Папа Иоанн ХХШ на Констанцском соборе (из хроники Рнхенталя).

Ночью Гус был отведен во временную тюрьму, так как приготовленная для него темница в подземелье доминиканского монастыря еще не была оборудована крепкими цепями и запорами. Через неделю он был переведен туда и провел в ней самые страшные месяцы — до марта следующего года. Доминиканский монастырь был построен на маленьком острове у берега Боденского озера, и зимний холод проникал в камеру через окно и каменные стены вместе с тяжелым зловонием от расположенных поблизости отхожих мест. Неожиданный и крутой поворот судьбы, физические страдания, разлука с друзьями и с внешним миром вообще — все это угнетающе подействовало на Гуса. В этом нездоровом, промозглом помещении он вскоре заболел, его мучила горячка, рези в желудке, зубная боль.
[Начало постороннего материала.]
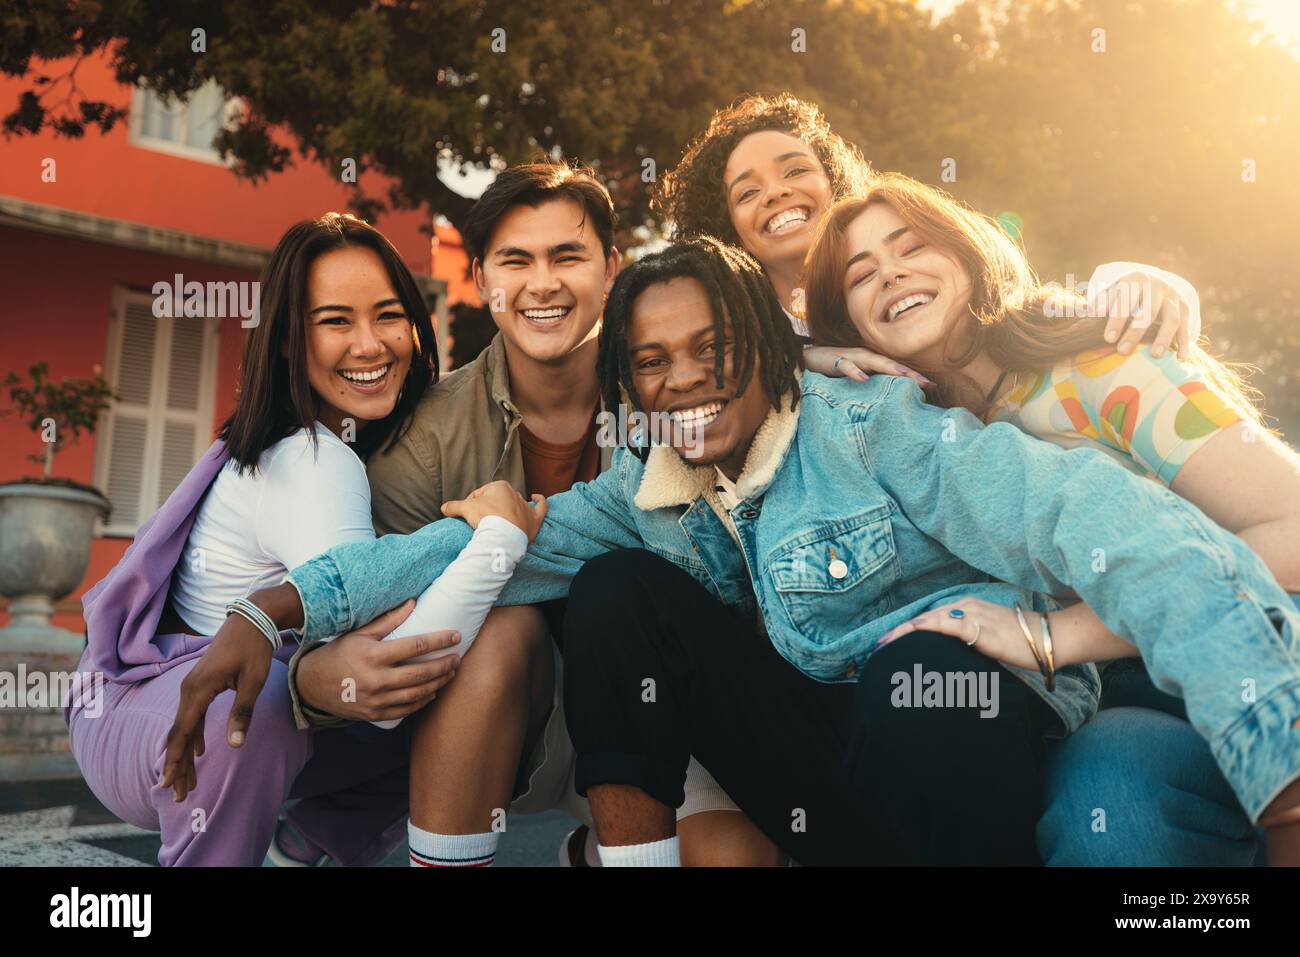 Gruppe glücklicher Freunde lächelt und verbindet sich, während sie an einem Auslandsprogramm im Freien teilnehmen. Stockfoto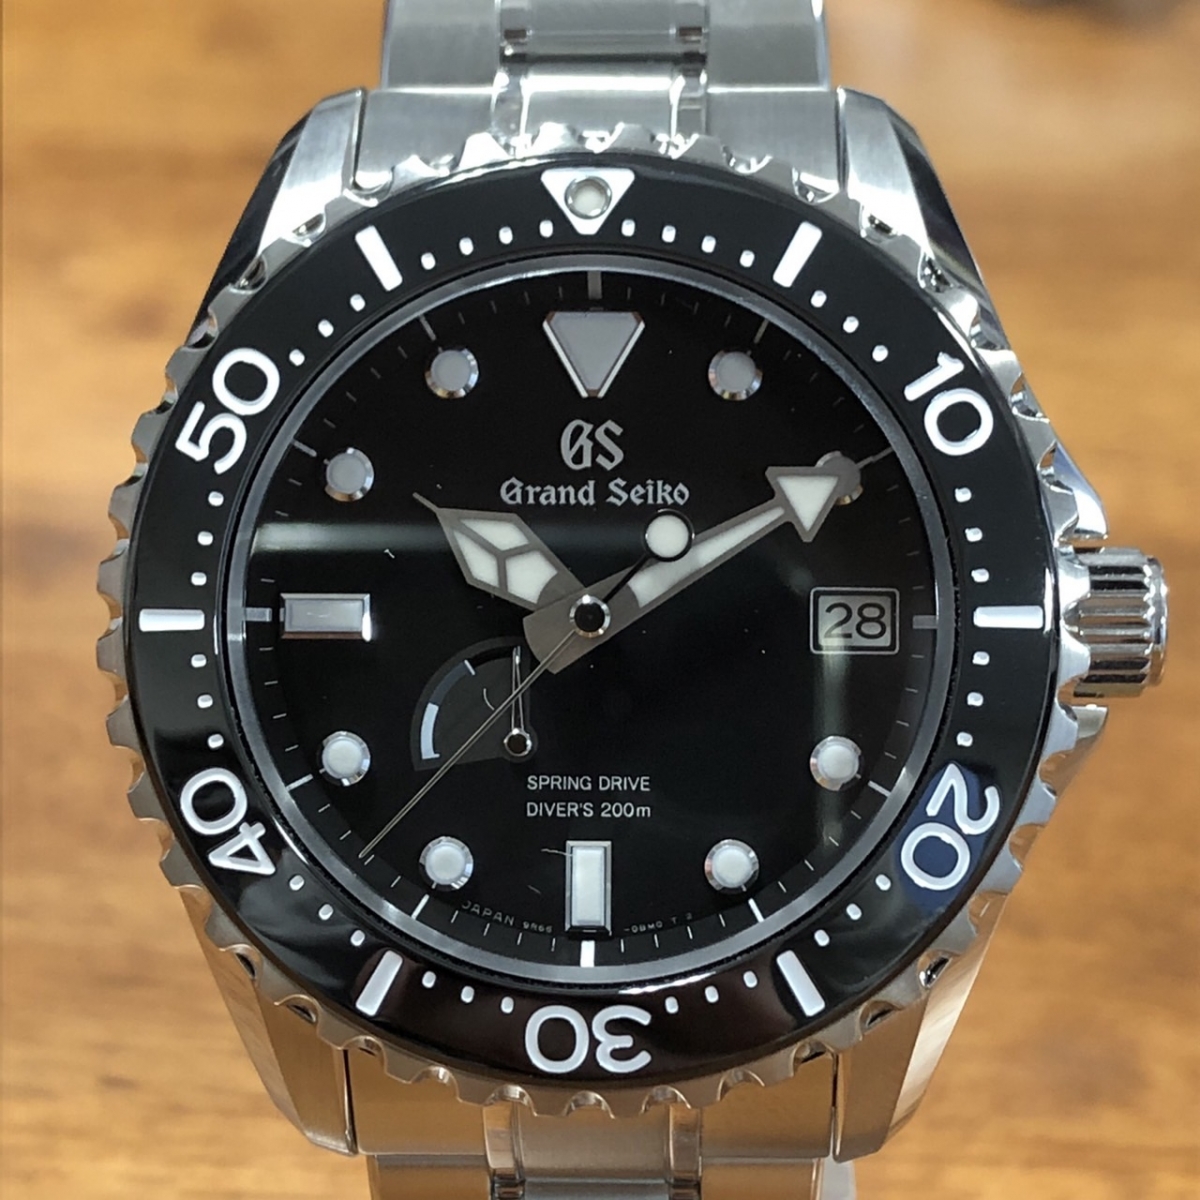 セイコーのスポーツコレクション スプリングドライブダイバーSBGA229 腕時計の買取実績です。

Но хуже всего было полное неведение того, что происходит вне стен тюрьмы, какова судьба его тяжбы. Если судить по тому, как с ним поступили, он мог предположить худшее. Одно пугало Гуса: что его уже не выпустят из заточения, никогда не дадут высказаться. Но Гус не терял надежды и начал работать в тюрьме, как только позволила болезнь: он принялся писать свою защитительную речь, объяснение своих взглядов, изложение некоторых вопросов — в глубине своего сердца Гус не терял надежды, что ему удастся выступить на соборе.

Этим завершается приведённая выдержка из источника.